Even then, it’s not that simple. The word “Calculus” on a high school transcript doesn’t mean that the school system offered Calculus in the same way that the college does, or that the student mastered it, or that the student even understood it.
When I took Calculus at the University of Illinois at Urbana-Champaign, it was a “weed-out” class for Engineering students and those who had visions of transferring to the college of Engineering (I’m a proud and happy graduate of the U of I, but I made a colossal mistake choosing it–don’t be a Liberal Arts Math major at a great Engineering school). However, the instructors allowed for partial credit on exam grades. I got through with low passing grades by solving every problem as far as I could and then writing out where I thought the problem was going, but that I couldn’t solve the rest. If this sounds like an exercise in another sort of discipline, it was, so I switched to Rhetoric in my junior year and kept Math as a minor. After I was hired to teach GED Math at a community college, I re-took three semesters of Calculus and aced all—it wasn’t easy, but I knew what I didn’t master at the U of I, and I corrected course.
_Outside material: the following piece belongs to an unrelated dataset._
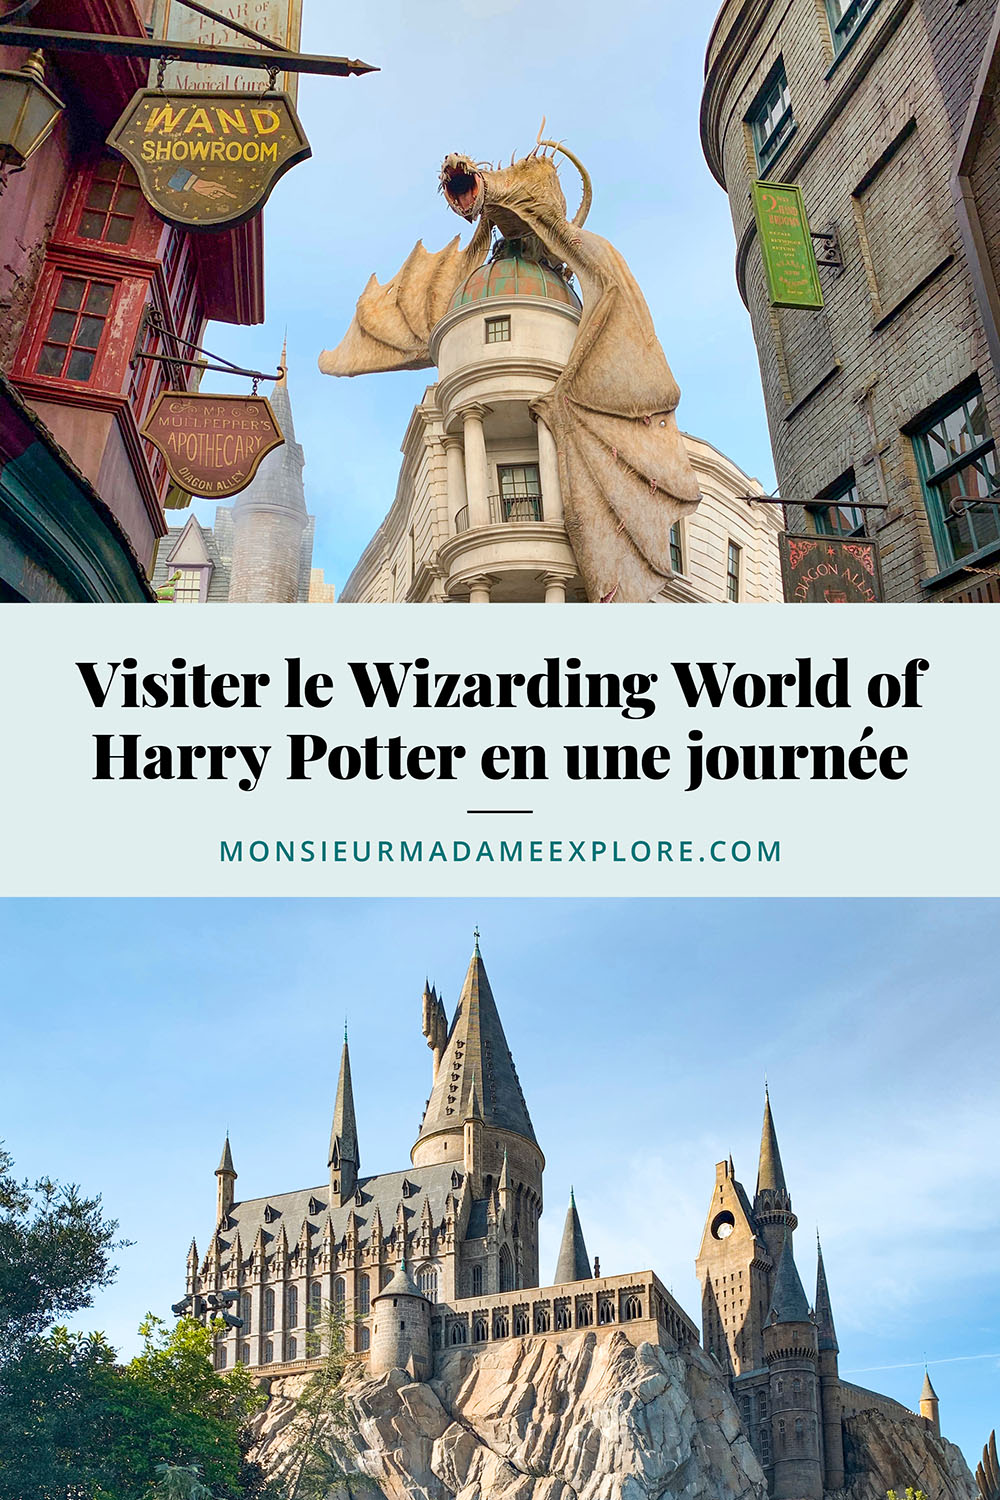 Visiter le Wizarding World of Harry Potter en une journée, Universal Orlando Resort, Monsieur+Madame Explore, Blogue de voyage, Floride, États-Unis / How to visit the Wizarding World of Harry Potter in one day, Universal Orlando Resort, Florida, USA

The students I worked with recently didn’t have the option of solving as much of the problem as they could. They had online tools that used multiple choice, or, worse still, treated every answer that was entered incorrectly, even if off by one negative sign, or one exponent, or one variable, as incorrect. You could literally understand ninety percent of the problem but get zero credit for the answer.
In this context, my students were less interested in the “why” and too interested in the “what” and the “how;” those are bad signs for any class. I helped one student iron out the kinks and get at least half her homework correct, until this became impossible—her class shifted to second-year topics and she needed more than I could give her. (I’ve forgotten a lot of Calculus myself, and there are times when the textbook doesn’t jog my memory.) Another student was taking a MOOC (massive open online course) to get ready for the stress of freshman Calculus at her as-yet-unchosen college. This was slightly better, because the class had notes that we could read together, but answers to exercises weren’t given in outline form, so I had to do the problem for her and give my notes on the problem in the margins. The first student learned a little, but she got the word “Calculus” on her high-school transcript. The second student learned a lot more, and kept decent notes, but didn’t. Neither student seemed terribly interested in STEM (Science, Technology, Engineering, and Math) programs–which left me wondering whether this wasn’t money wasted. They could have gotten the same intellectual bang by a study and discussion of Tolstoy. I’d have had us read Anna Karenina.
So, what are we left with? Words on transcripts. If I were in an elite college’s admissions department, I’d ask for essays designed to allow students to demonstrate what they’ve learned, and I’d administer those essays in a way that they can’t be faked. You could then, by looking at the difficulty of the essay topic chosen, the student’s ability to solve the problem, the way the essay is organized, and the length of time that student spent, have a much better view of that student’s ability to deal with college-level work.
But, hey. That takes time, effort, and money. If colleges don’t have any more of those three to spend, they’ll just look for words on transcripts instead. The system slouches on.